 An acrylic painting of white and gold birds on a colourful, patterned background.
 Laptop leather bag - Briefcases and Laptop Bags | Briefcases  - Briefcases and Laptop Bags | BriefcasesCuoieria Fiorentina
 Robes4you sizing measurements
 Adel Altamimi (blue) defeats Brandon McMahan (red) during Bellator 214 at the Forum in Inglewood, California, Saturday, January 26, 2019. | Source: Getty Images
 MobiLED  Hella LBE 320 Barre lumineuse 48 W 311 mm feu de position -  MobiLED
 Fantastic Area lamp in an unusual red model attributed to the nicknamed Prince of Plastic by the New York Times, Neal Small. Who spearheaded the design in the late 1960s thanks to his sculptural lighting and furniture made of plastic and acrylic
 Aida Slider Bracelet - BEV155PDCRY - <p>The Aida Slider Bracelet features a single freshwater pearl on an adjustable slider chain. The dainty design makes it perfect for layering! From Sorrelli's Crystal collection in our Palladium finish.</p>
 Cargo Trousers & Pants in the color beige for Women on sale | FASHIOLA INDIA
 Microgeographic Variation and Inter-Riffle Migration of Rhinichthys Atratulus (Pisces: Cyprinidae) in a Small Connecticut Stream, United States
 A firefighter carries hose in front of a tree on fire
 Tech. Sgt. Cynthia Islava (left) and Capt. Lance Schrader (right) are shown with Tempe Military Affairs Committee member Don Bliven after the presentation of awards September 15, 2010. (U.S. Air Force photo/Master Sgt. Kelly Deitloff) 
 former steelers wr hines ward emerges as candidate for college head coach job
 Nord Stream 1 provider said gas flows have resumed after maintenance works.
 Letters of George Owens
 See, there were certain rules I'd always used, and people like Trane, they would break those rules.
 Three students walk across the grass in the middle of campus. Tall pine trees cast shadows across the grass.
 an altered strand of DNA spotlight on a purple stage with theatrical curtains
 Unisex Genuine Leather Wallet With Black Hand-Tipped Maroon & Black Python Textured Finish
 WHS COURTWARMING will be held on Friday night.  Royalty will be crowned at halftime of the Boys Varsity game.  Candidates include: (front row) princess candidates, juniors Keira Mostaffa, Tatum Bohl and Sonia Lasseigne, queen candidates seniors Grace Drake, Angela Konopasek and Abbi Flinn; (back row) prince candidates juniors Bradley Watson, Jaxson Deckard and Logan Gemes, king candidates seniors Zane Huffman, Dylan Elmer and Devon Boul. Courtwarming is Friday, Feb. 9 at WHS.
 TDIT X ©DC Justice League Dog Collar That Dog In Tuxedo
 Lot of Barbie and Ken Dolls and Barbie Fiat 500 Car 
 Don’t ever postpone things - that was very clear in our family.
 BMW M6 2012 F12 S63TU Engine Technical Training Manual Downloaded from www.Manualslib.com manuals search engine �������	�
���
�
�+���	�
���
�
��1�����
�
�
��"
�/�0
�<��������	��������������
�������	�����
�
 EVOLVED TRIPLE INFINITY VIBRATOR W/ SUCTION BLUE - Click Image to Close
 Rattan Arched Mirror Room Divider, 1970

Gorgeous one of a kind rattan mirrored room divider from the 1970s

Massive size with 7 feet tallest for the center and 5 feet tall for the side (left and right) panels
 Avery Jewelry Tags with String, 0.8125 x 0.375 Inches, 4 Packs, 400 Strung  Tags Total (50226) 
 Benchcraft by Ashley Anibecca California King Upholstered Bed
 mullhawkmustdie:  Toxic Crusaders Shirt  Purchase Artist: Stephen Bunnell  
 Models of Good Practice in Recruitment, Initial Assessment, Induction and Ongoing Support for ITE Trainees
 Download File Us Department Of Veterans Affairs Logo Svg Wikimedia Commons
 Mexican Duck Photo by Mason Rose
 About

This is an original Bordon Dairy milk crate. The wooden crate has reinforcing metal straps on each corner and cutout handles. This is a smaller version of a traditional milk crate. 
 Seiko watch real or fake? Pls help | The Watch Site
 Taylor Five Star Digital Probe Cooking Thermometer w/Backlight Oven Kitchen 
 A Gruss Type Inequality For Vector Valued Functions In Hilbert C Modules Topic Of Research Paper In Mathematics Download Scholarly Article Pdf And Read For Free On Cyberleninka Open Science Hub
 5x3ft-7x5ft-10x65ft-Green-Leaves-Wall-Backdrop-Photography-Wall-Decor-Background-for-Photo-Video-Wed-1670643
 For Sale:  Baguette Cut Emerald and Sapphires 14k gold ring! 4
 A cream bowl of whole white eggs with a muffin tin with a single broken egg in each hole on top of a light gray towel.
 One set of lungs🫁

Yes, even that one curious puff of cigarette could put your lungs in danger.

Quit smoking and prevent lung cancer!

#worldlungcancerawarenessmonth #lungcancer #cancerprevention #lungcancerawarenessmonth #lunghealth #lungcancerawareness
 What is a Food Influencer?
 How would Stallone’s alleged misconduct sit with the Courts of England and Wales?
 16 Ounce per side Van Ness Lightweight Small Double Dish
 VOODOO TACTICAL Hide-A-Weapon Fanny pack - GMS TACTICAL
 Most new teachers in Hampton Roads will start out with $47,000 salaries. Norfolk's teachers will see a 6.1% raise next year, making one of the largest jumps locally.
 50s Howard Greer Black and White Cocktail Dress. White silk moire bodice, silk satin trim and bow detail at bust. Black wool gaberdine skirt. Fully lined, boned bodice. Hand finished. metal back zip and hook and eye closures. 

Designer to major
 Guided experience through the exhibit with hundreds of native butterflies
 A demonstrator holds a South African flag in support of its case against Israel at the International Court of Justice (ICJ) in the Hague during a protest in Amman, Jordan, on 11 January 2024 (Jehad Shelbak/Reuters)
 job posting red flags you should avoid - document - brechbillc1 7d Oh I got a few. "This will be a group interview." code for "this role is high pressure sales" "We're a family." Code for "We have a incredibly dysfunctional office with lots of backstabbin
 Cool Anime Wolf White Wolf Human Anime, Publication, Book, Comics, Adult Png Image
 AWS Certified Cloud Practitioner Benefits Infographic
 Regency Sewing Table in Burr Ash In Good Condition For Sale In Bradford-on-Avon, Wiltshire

Aim of the task
From the records above, quote only the lines running from the line with "A cream bowl" to the line with "Guided experience through", both lines included.

Exercise response
 A cream bowl of whole white eggs with a muffin tin with a single broken egg in each hole on top of a light gray towel.
 One set of lungs🫁

Yes, even that one curious puff of cigarette could put your lungs in danger.

Quit smoking and prevent lung cancer!

#worldlungcancerawarenessmonth #lungcancer #cancerprevention #lungcancerawarenessmonth #lunghealth #lungcancerawareness
 What is a Food Influencer?
 How would Stallone’s alleged misconduct sit with the Courts of England and Wales?
 16 Ounce per side Van Ness Lightweight Small Double Dish
 VOODOO TACTICAL Hide-A-Weapon Fanny pack - GMS TACTICAL
 Most new teachers in Hampton Roads will start out with $47,000 salaries. Norfolk's teachers will see a 6.1% raise next year, making one of the largest jumps locally.
 50s Howard Greer Black and White Cocktail Dress. White silk moire bodice, silk satin trim and bow detail at bust. Black wool gaberdine skirt. Fully lined, boned bodice. Hand finished. metal back zip and hook and eye closures. 

Designer to major
 Guided experience through the exhibit with hundreds of native butterflies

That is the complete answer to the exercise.